Пишу в антракте между актами. Это единственное время, когда я могу заниматься своими личными делами. От 10 [до] 12 у меня ежедневно фабрика — конторские дела. От 12 до 4 1/2 репетиции. От 4 1/2 до 5 прием в театре, от 5 до 7 обед и отдых, от 7 до 11 1/2 — вечерний спектакль или репетиция. После спектакля, до 2 час. ночи, работаю над ролью 1. По воскресеньям и праздникам — два спектакля. Когда же мне писать? Когда мне сосредоточиться и уйти в дорогие для меня воспоминания об Антоне Павловиче? Давно уже я собираюсь, хотя начерно, записать все, что сохранилось в памяти, но, увы, мне это не удалось сделать даже летом.

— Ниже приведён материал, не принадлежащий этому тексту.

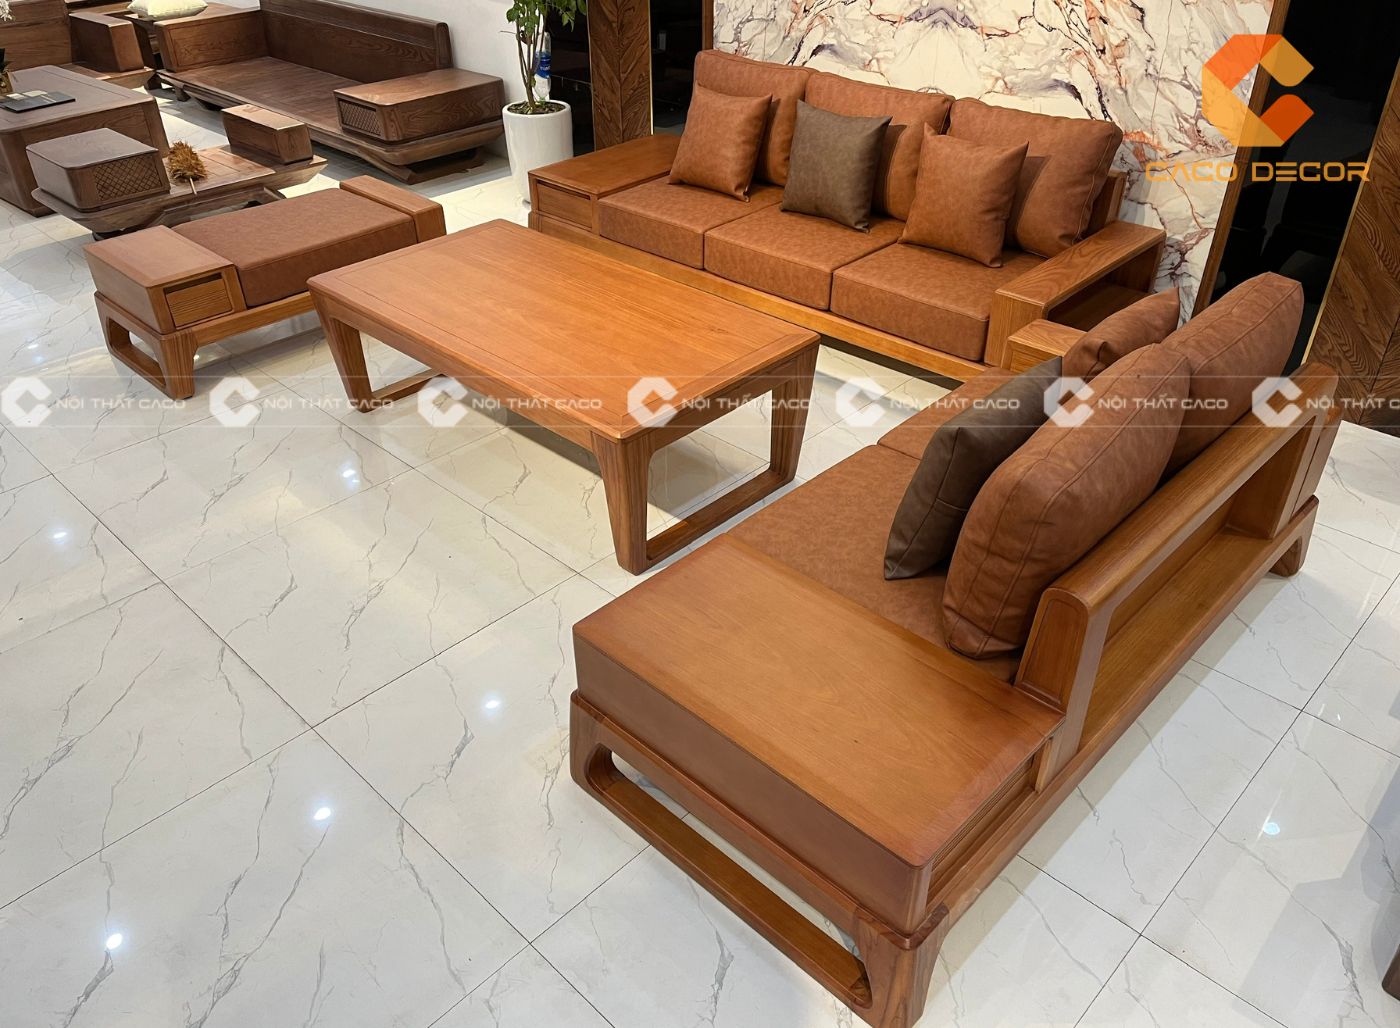 BST mẫu sofa gỗ gõ đỏ bền đẹp, bán chạy tại NỘI THẤT CACO 2

Моя переписка с Антоном Павловичем совершенно интимная. Все, что касалось постановки и пьесы, он писал Немировичу. Так было условлено.
Ваше письмо я передам Владимиру Ивановичу.
Еще раз пересмотрю всю переписку и, если найдется что-нибудь, пришлю, конечно, с разрешения семьи.
Года два назад я рассказывал все свои воспоминания об А. П. моему помощнику по режиссерству — Льву Антоновичу Сулержицкому. Он их записал и хотел издавать.